**About this task:** Please, without the pictures, retype exactly the lines from the start of the material through the line that holds "Black and White".

**Recorded data:**
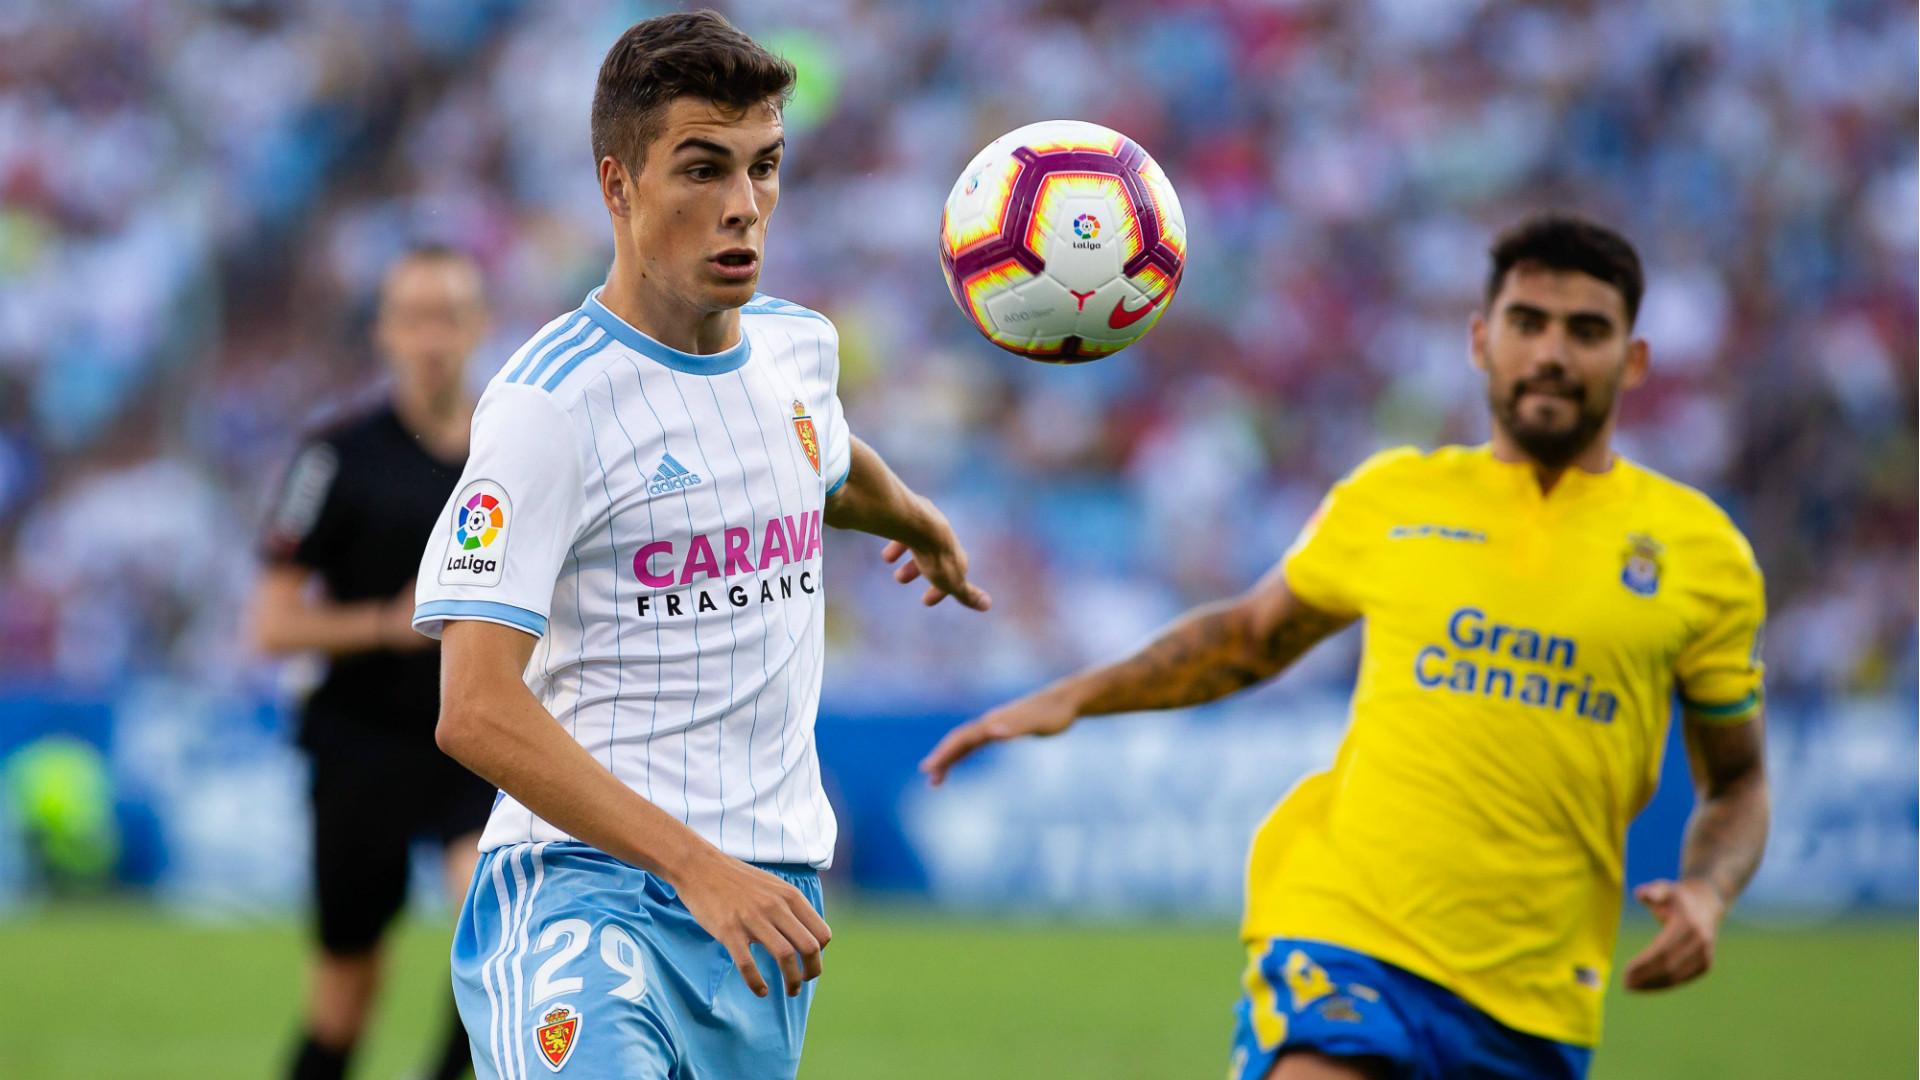 Officiel - Mercato : la pépite Alberto Soro rejoindra le Real Madrid à l'été 2020
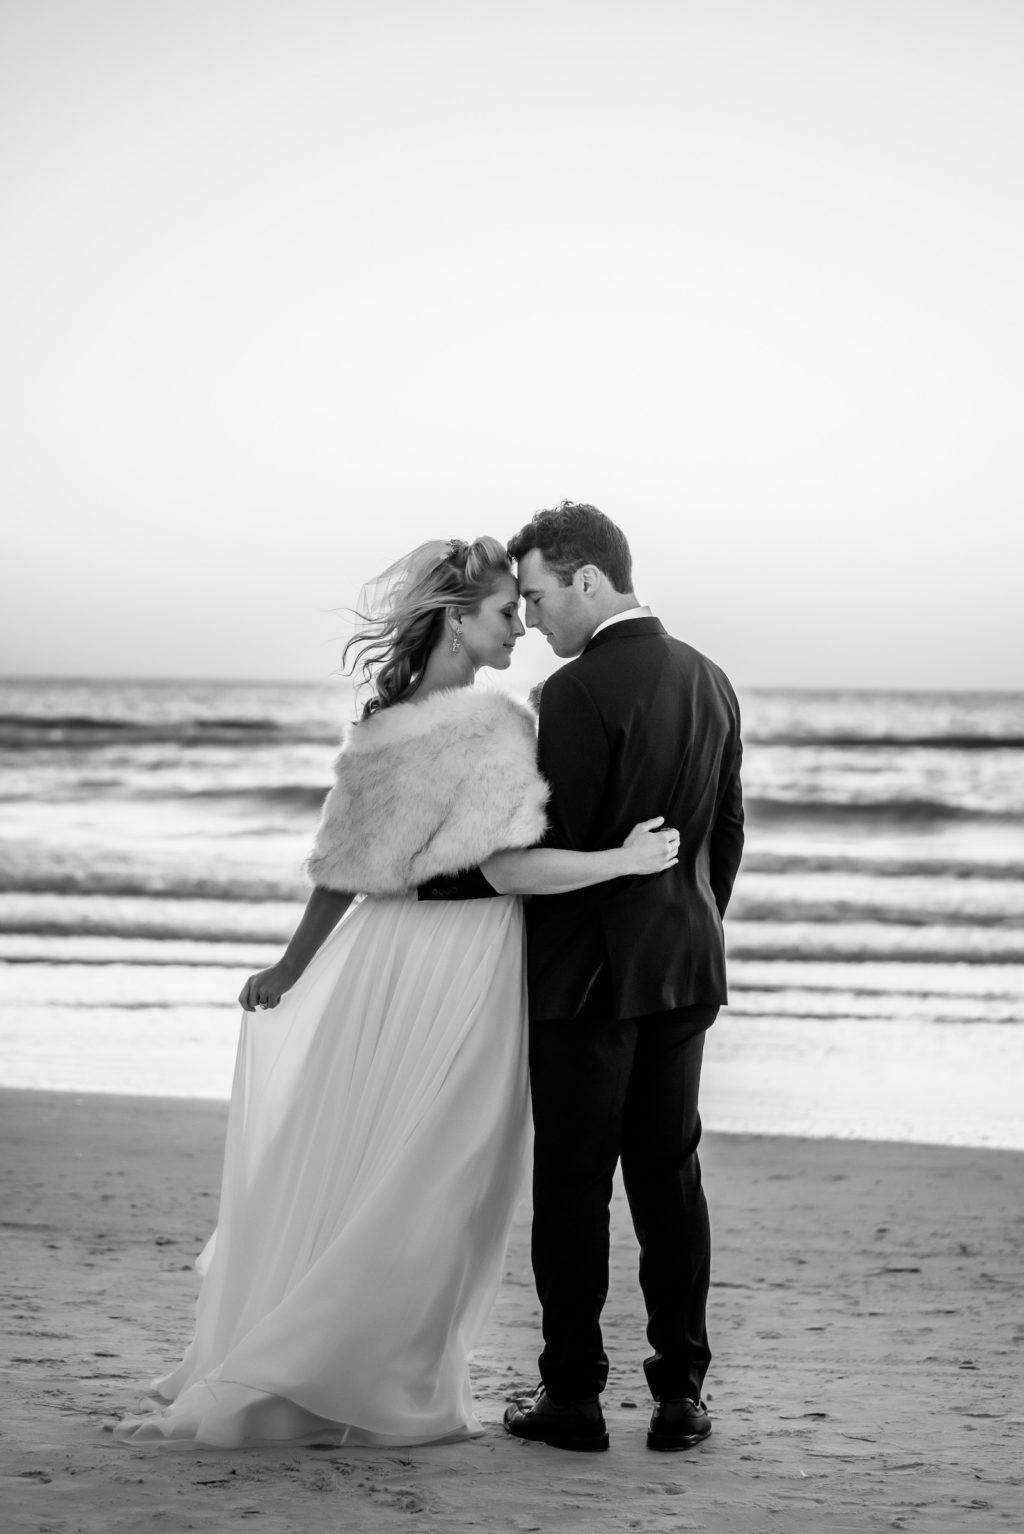 Black and White Groom and Bride Wearing White Fur Shawl on Beach | Tampa Bay Wedding Dress Isabel O'Neil Bridal | Florida Beach Wedding Portraits
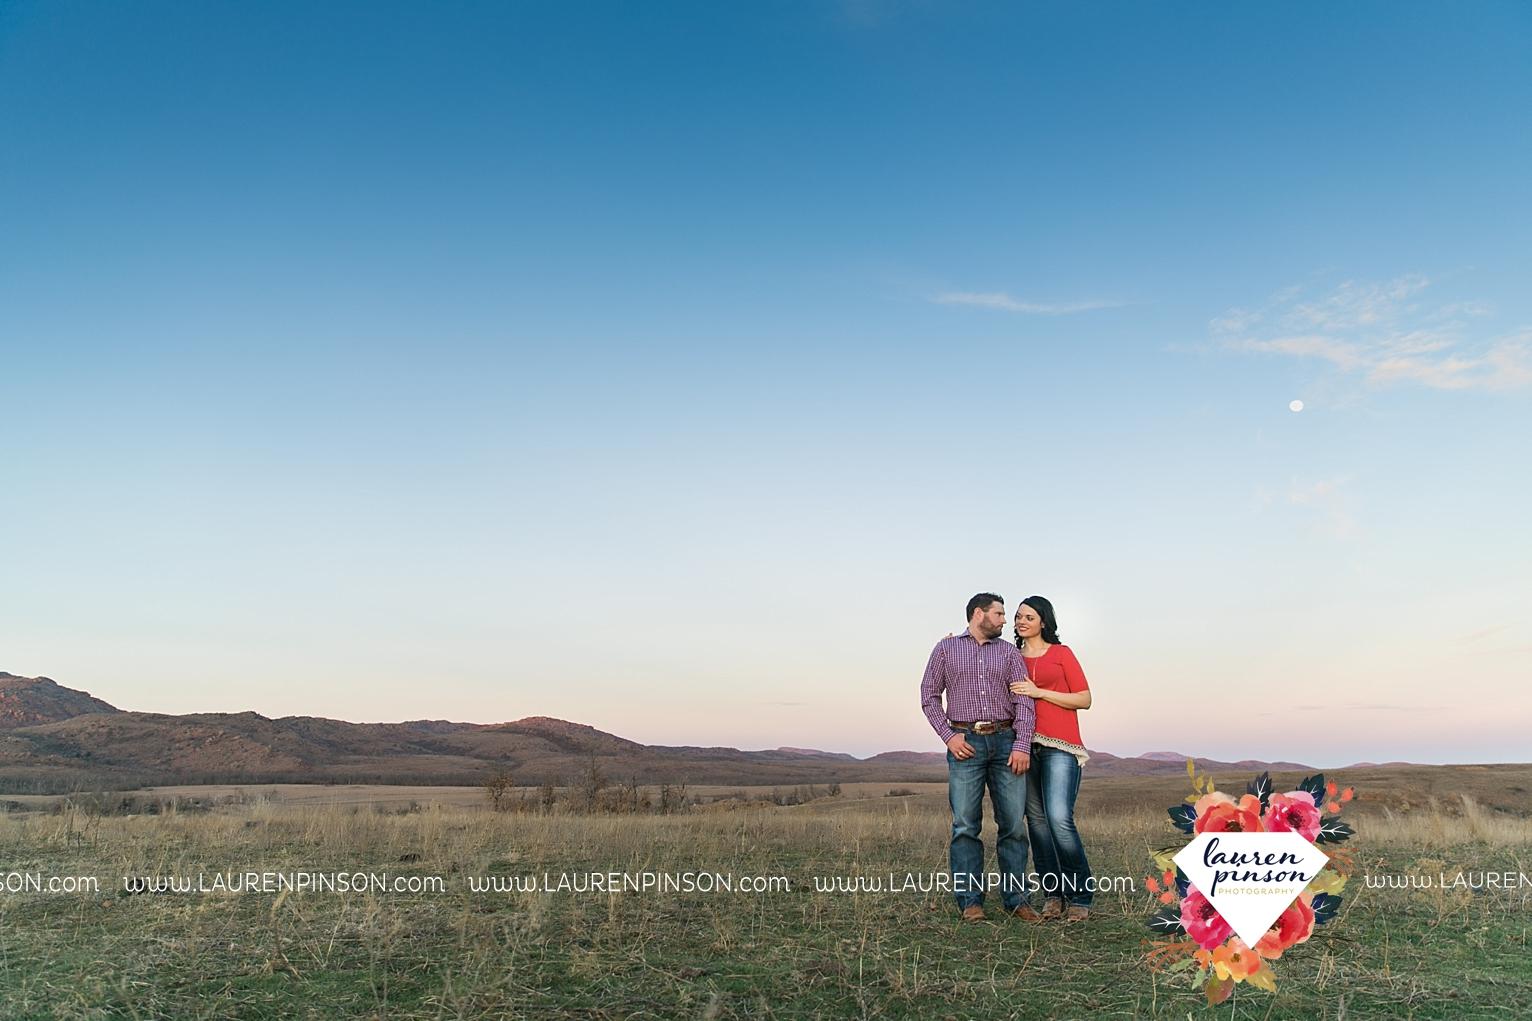 wichita-falls-texas-engagement-photographer-wedding-oklahoma-lawton-wichita-mountains-refuge-outdoors-mountains-engaged_2070.jpg

**Answer below:**
 Officiel - Mercato : la pépite Alberto Soro rejoindra le Real Madrid à l'été 2020
 Black and White Groom and Bride Wearing White Fur Shawl on Beach | Tampa Bay Wedding Dress Isabel O'Neil Bridal | Florida Beach Wedding Portraits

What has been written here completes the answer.